- **Work instructions**: Quote the data below in full, minus the images.

- **Information provided**:
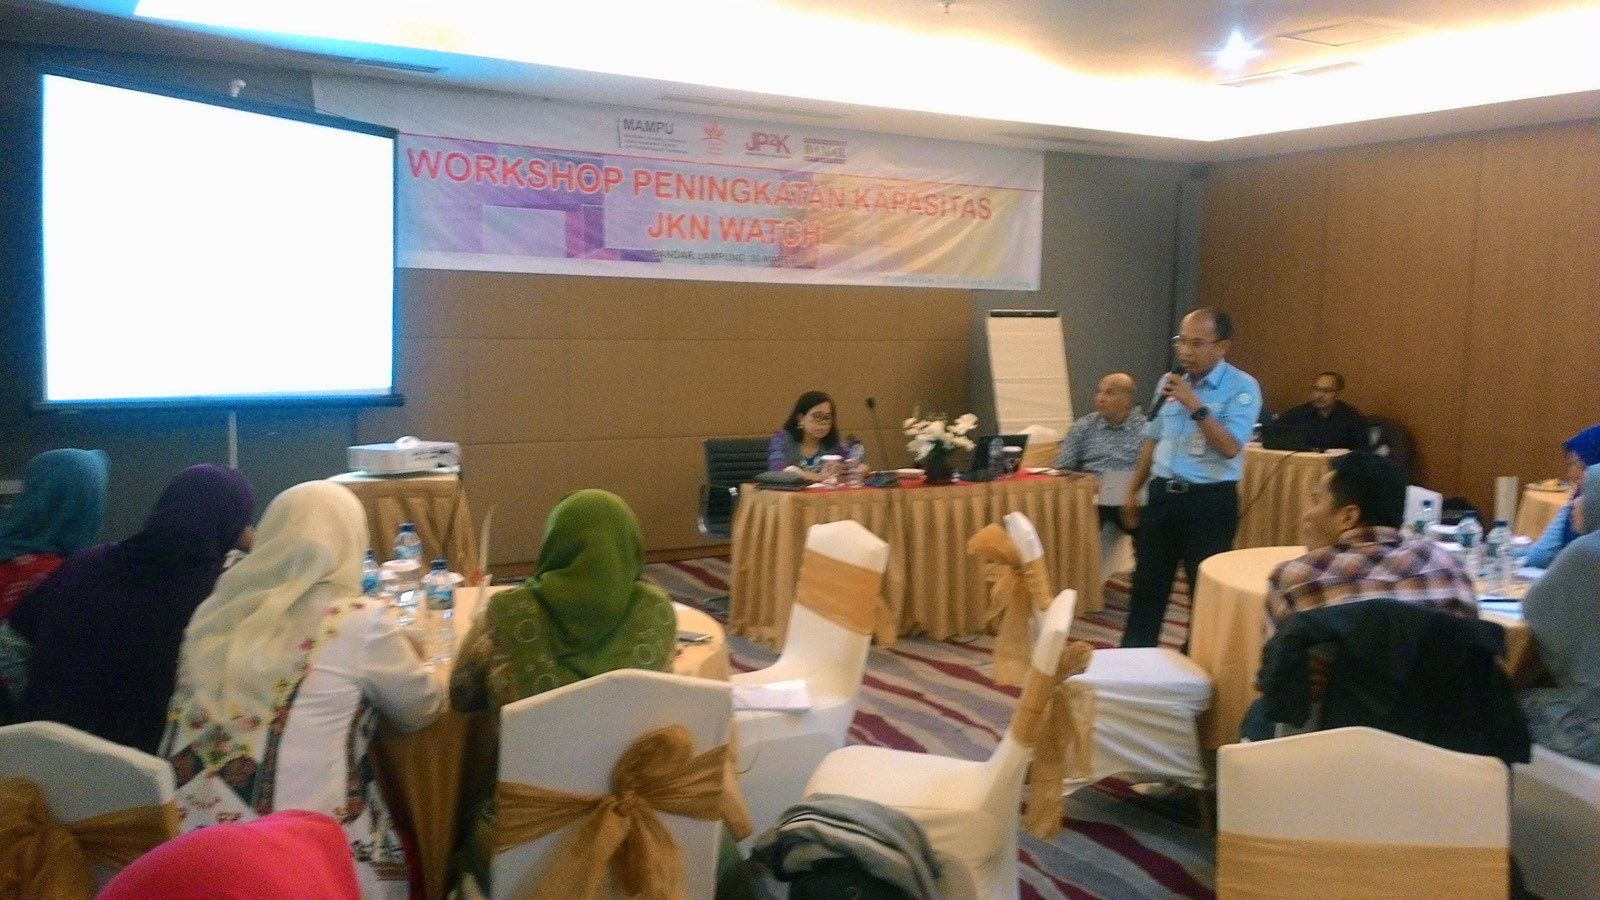 Workshop Peningkatan Kapasitas Jaminan Kesehatan (JKN) Watch yang ditaja Lembaga Advokasi Perempuan Damar, Kamis (30/3) di Hotel Emersia. (Lampungnews/Davit)
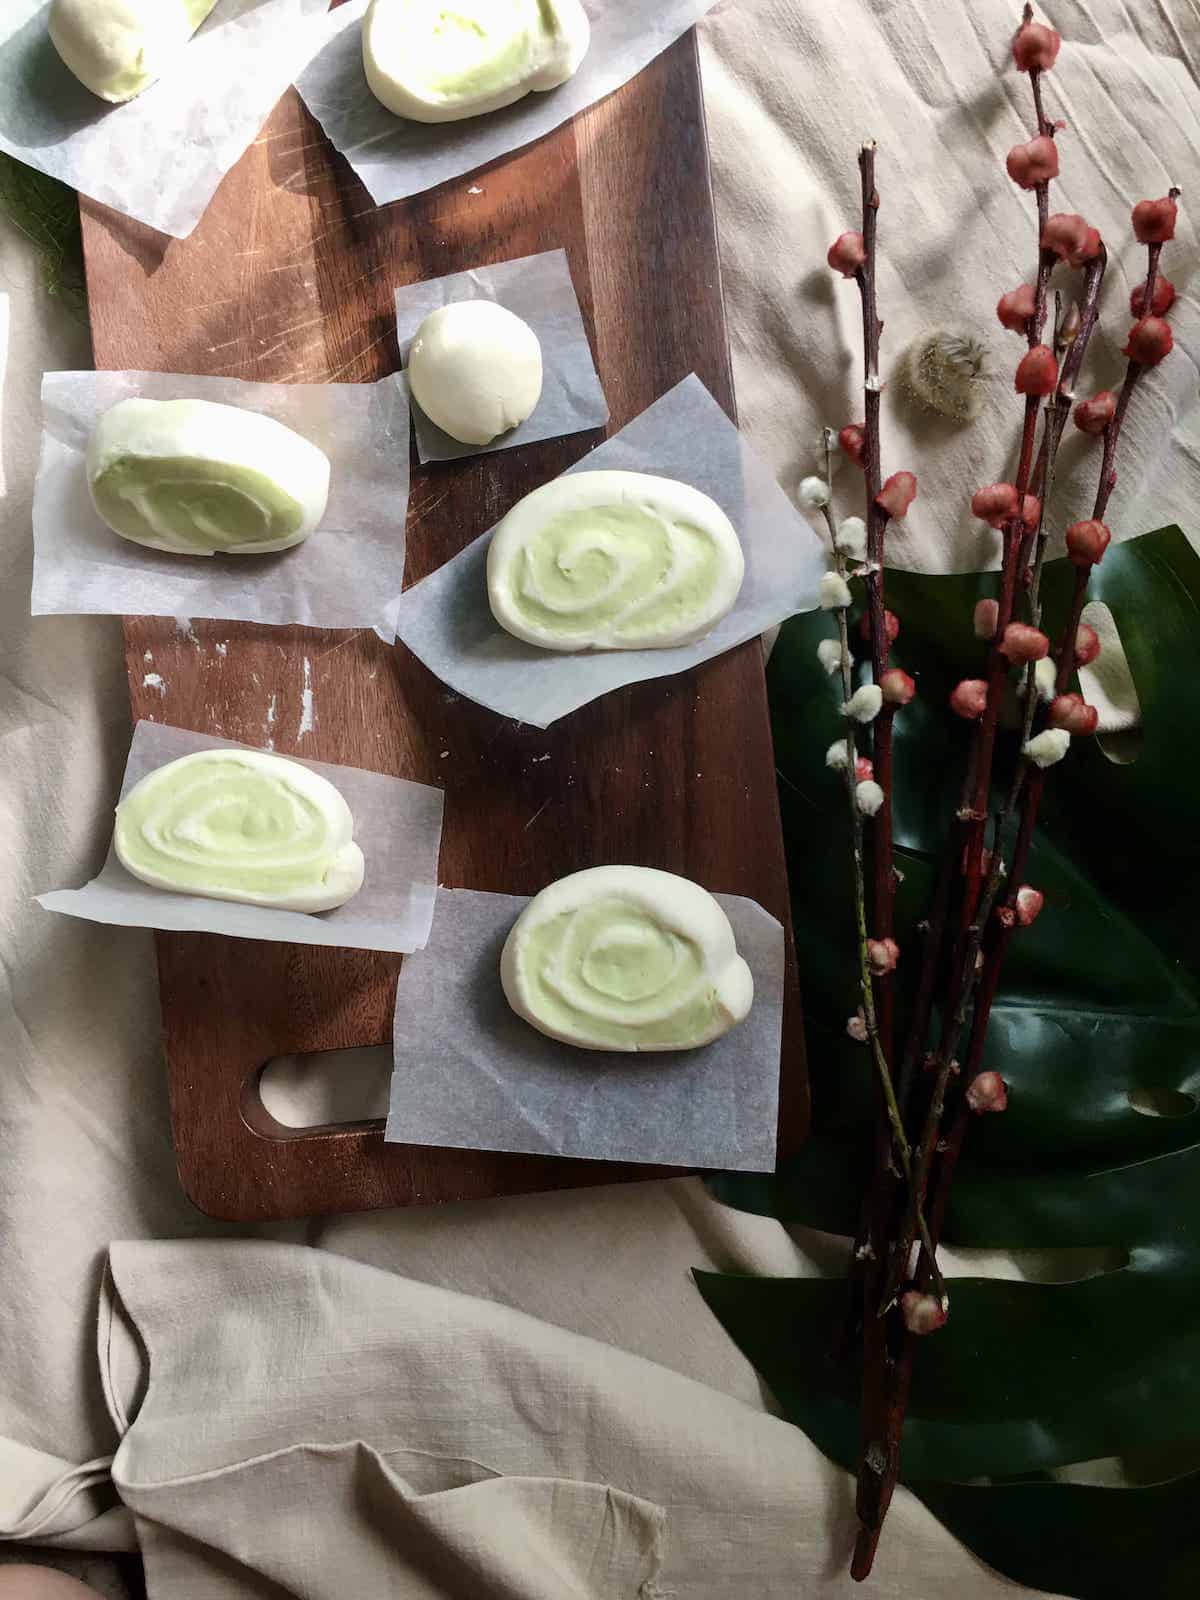 6 green & white mantou buns on a serving board.
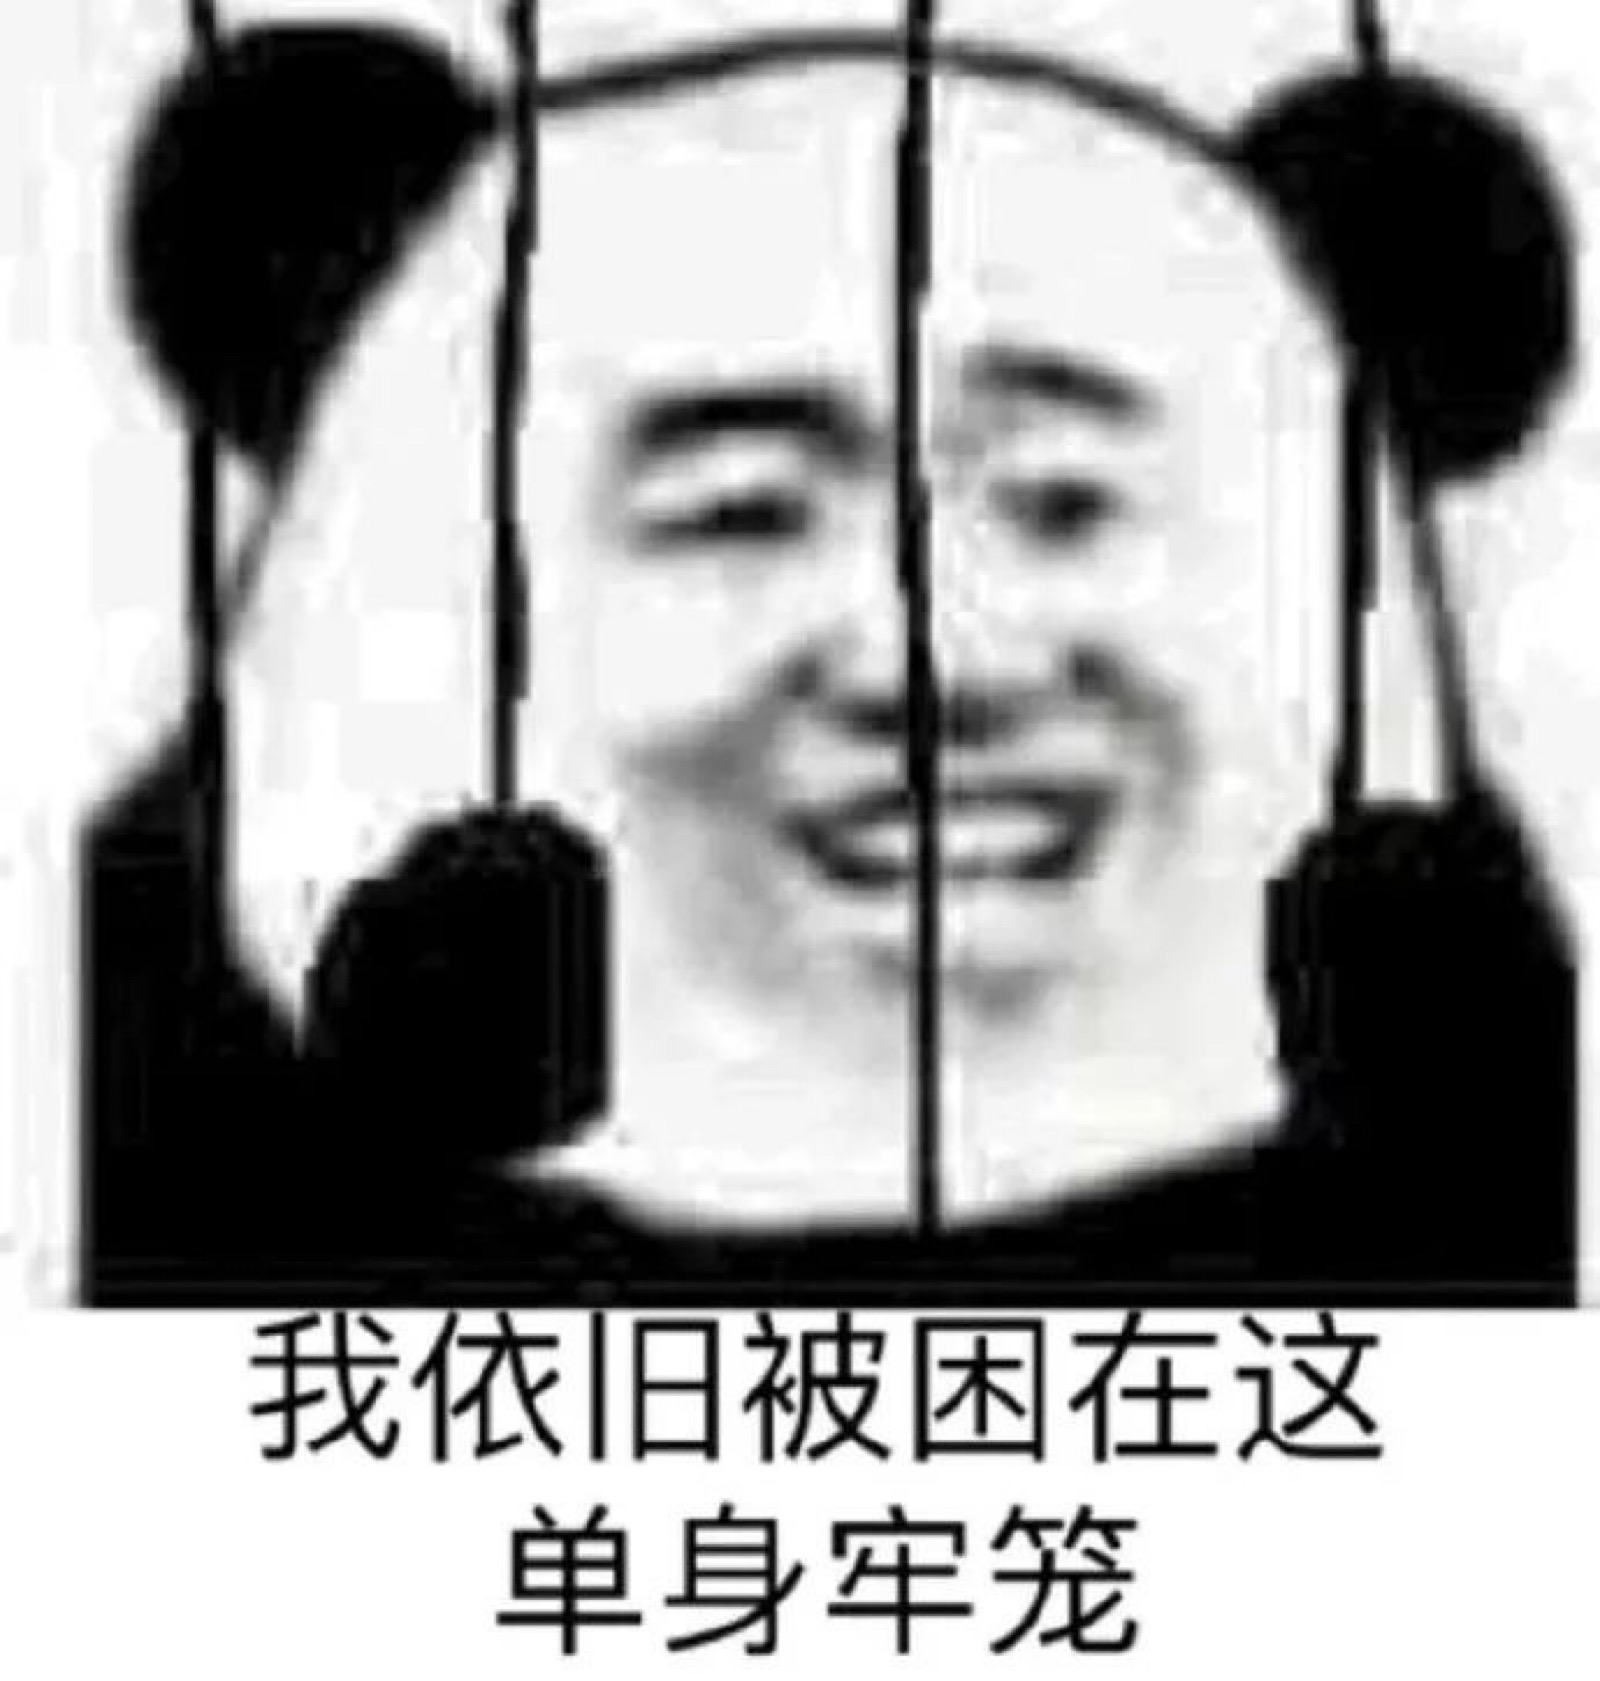 沙雕/文字/搞笑/可爱/熊猫头

- **Problem solution**:
 Workshop Peningkatan Kapasitas Jaminan Kesehatan (JKN) Watch yang ditaja Lembaga Advokasi Perempuan Damar, Kamis (30/3) di Hotel Emersia. (Lampungnews/Davit)
 6 green & white mantou buns on a serving board.
 沙雕/文字/搞笑/可爱/熊猫头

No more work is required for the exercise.